My take on ISIS

It’s all in the back story. Not the divide between Shia and Sunni: that’s ancient history. It’s still relevant today, but I don’t think the religious clash within Islam is the main reason we have ISIS today. The question I’m exploring is how a bunch of terrorists take over 2 cities with a joint 3 million people.

I put it down to Jus Post Bellum, otherwise known as Just Settlement of a Just War.

Did we learn nothing from the Weimar Republic, when the victors of World War 1 placed such hard conditions on Germany that it set the scene for Adolf Hitler and World War 2?
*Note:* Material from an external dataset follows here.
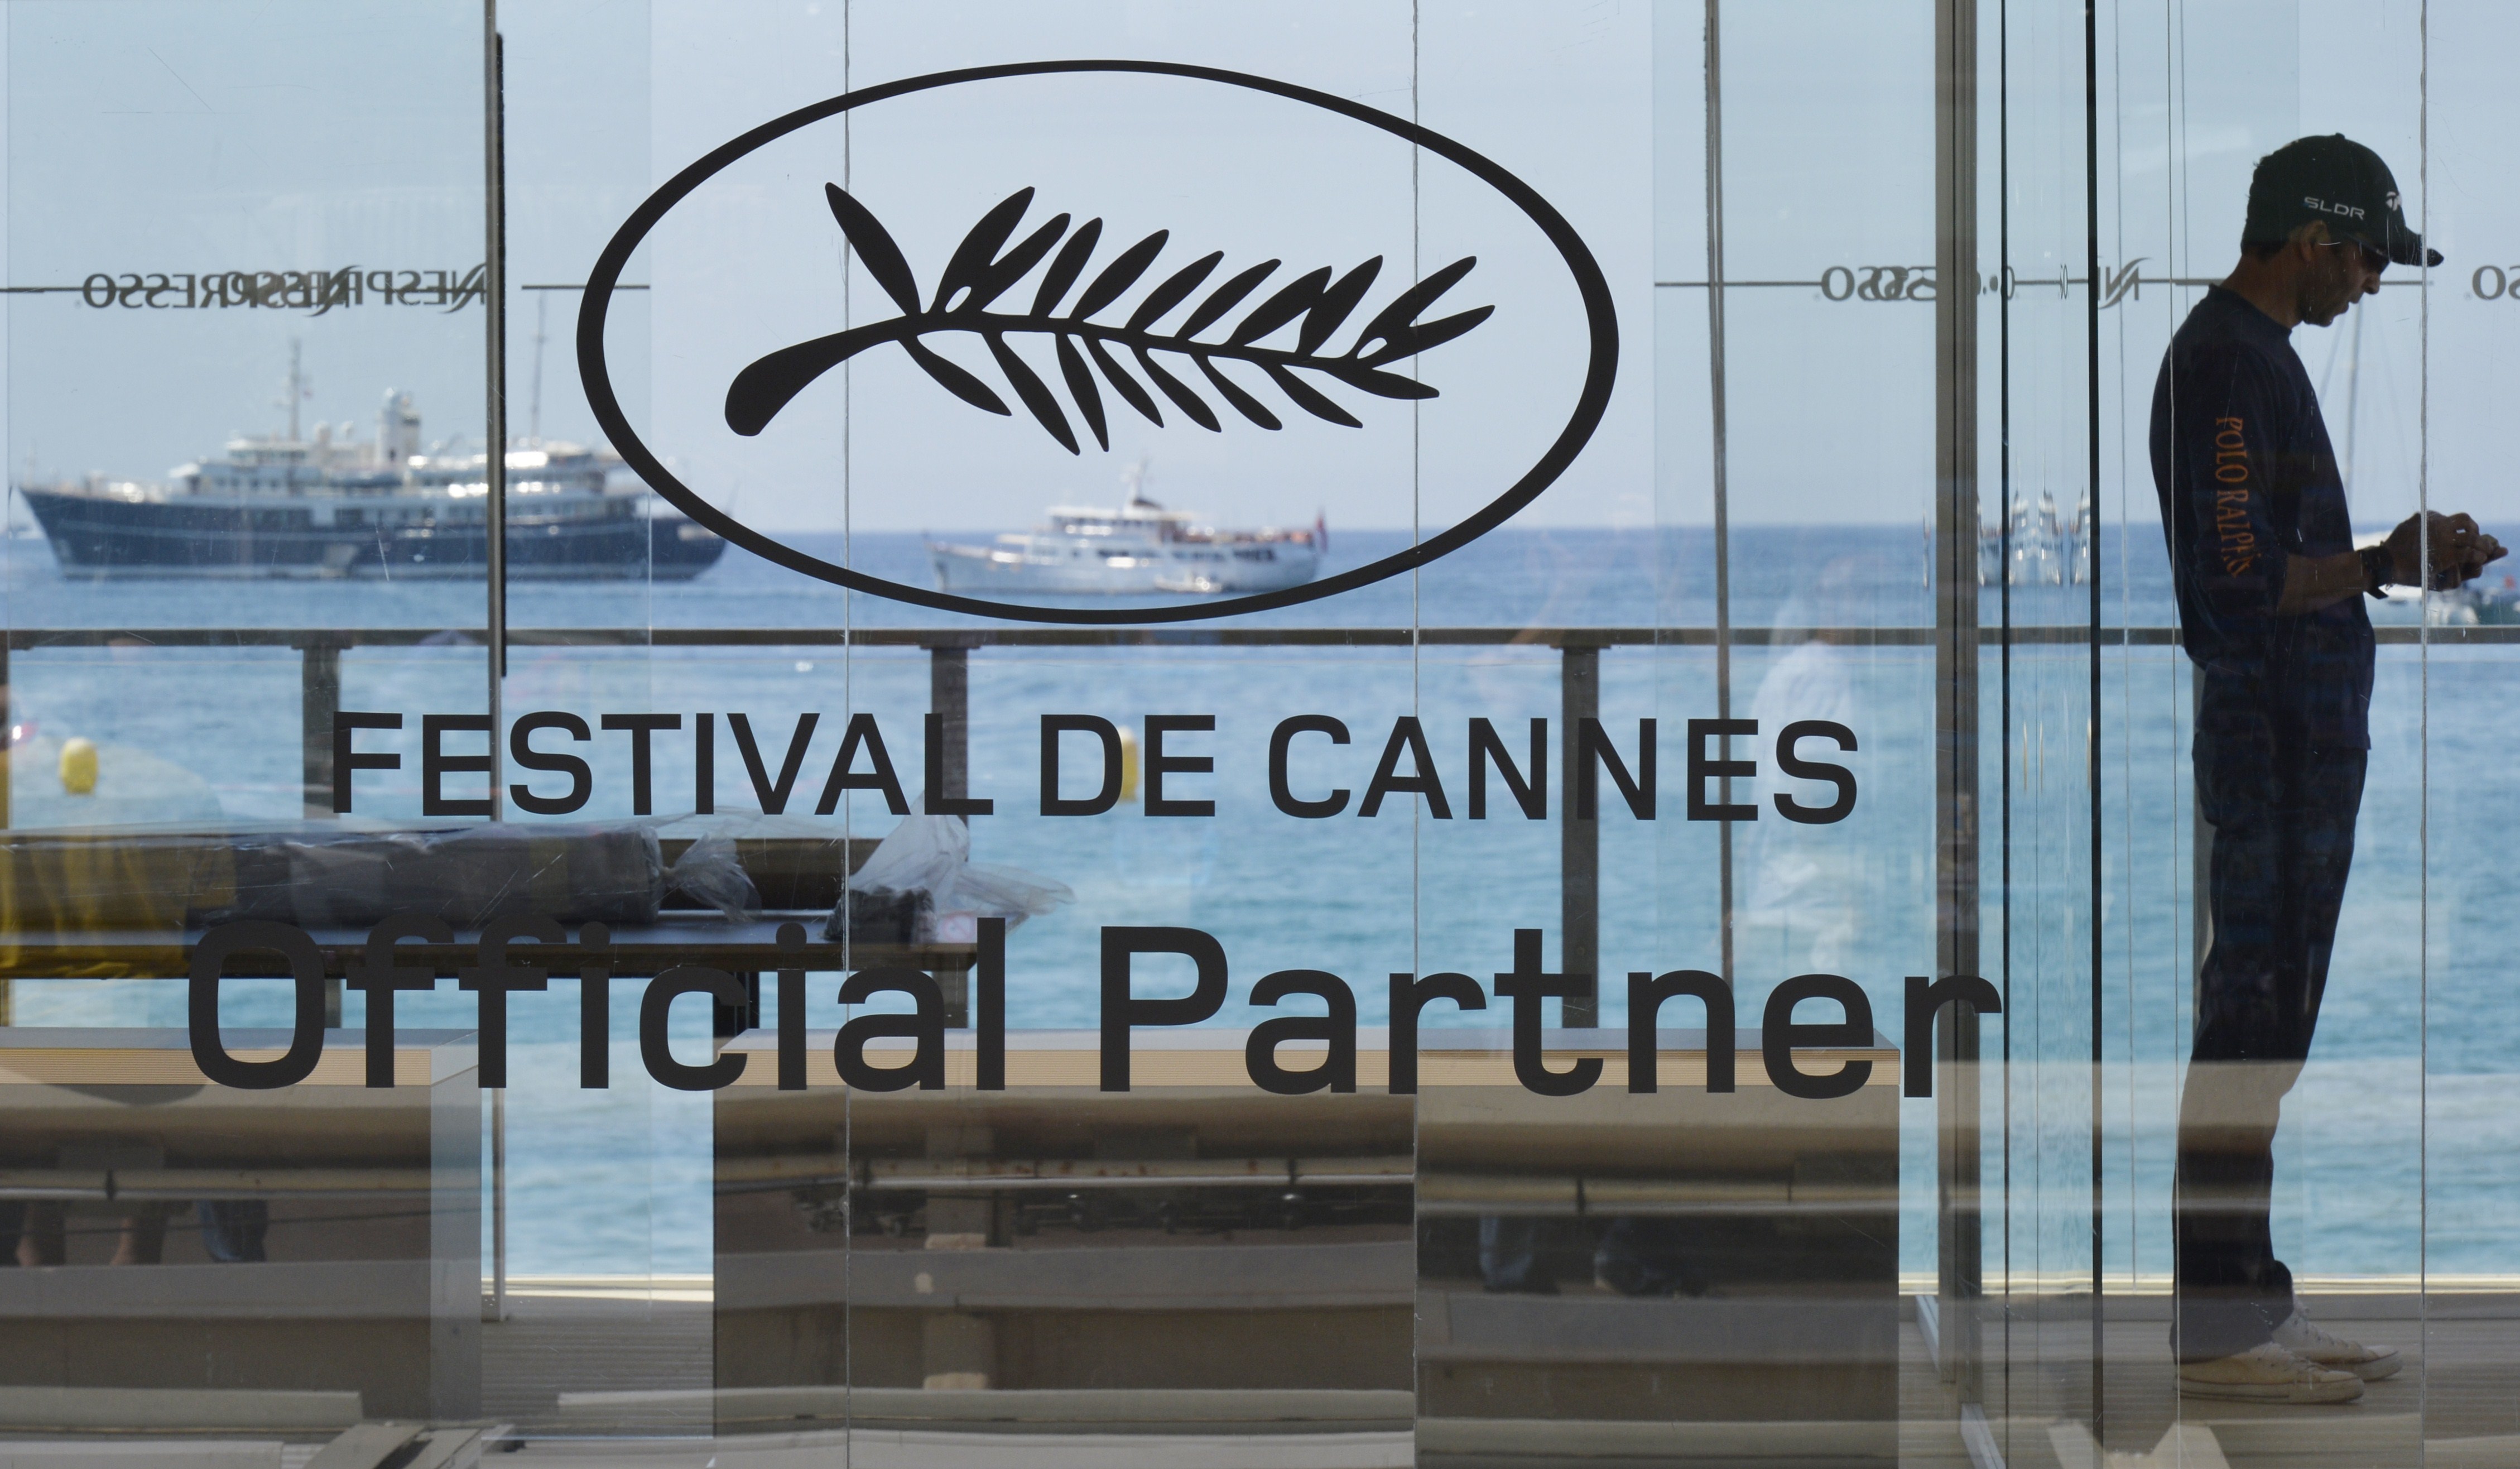 The logo of the festival on the eve of the 68th Cannes Film Festival in Cannes, southeastern France on May 12, 2015. (Loic Venance&mdash;AFP/Getty Images)
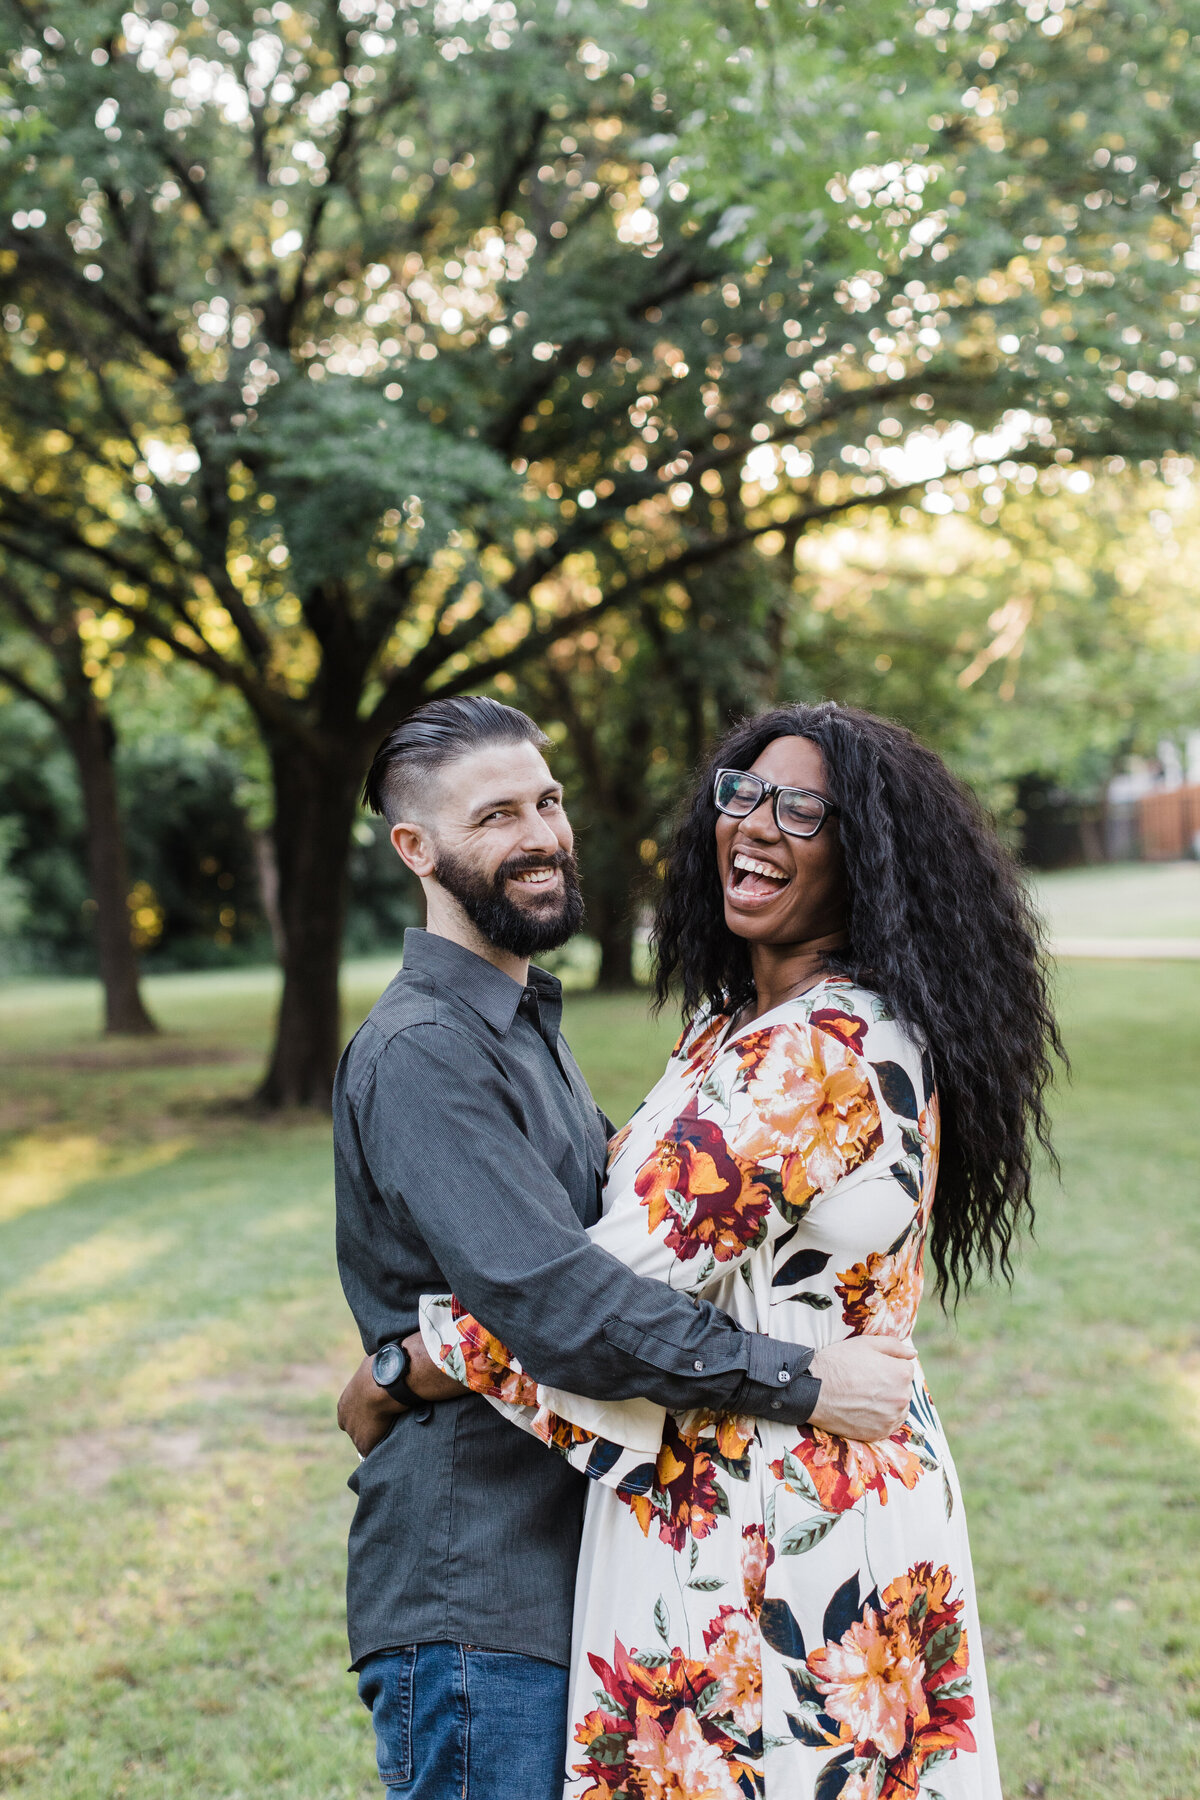 A couple laughing and holding each other close during their outdoor engagement session in Fort Worth, Texas. The woman on the right is wearing a white dress adorned with large, colorful flowers and glasses. The man on the left is wearing a grey dress shirt and jeans.

The rules of a ‘just war’ are that we finish it, and let the country rebuild. But in 1990 we busted up Iraq’s infrastructure in GW1, pushed Saddam’s troops out of Kuwait, but failed to go all the way to Baghdad.  Then we placed crippling sanctions on Iraq for decade which crippled their economy and devastated their national health services. Statistics show maybe 500,000 Iraqi infant deaths as a result of failed immunisation schemes and medical services. We failed to give them resolution. We failed to help them recover. Unlike Germany and Japan, both of which quickly bounced back to become serious economic players, we kept Iraq caged and in pain.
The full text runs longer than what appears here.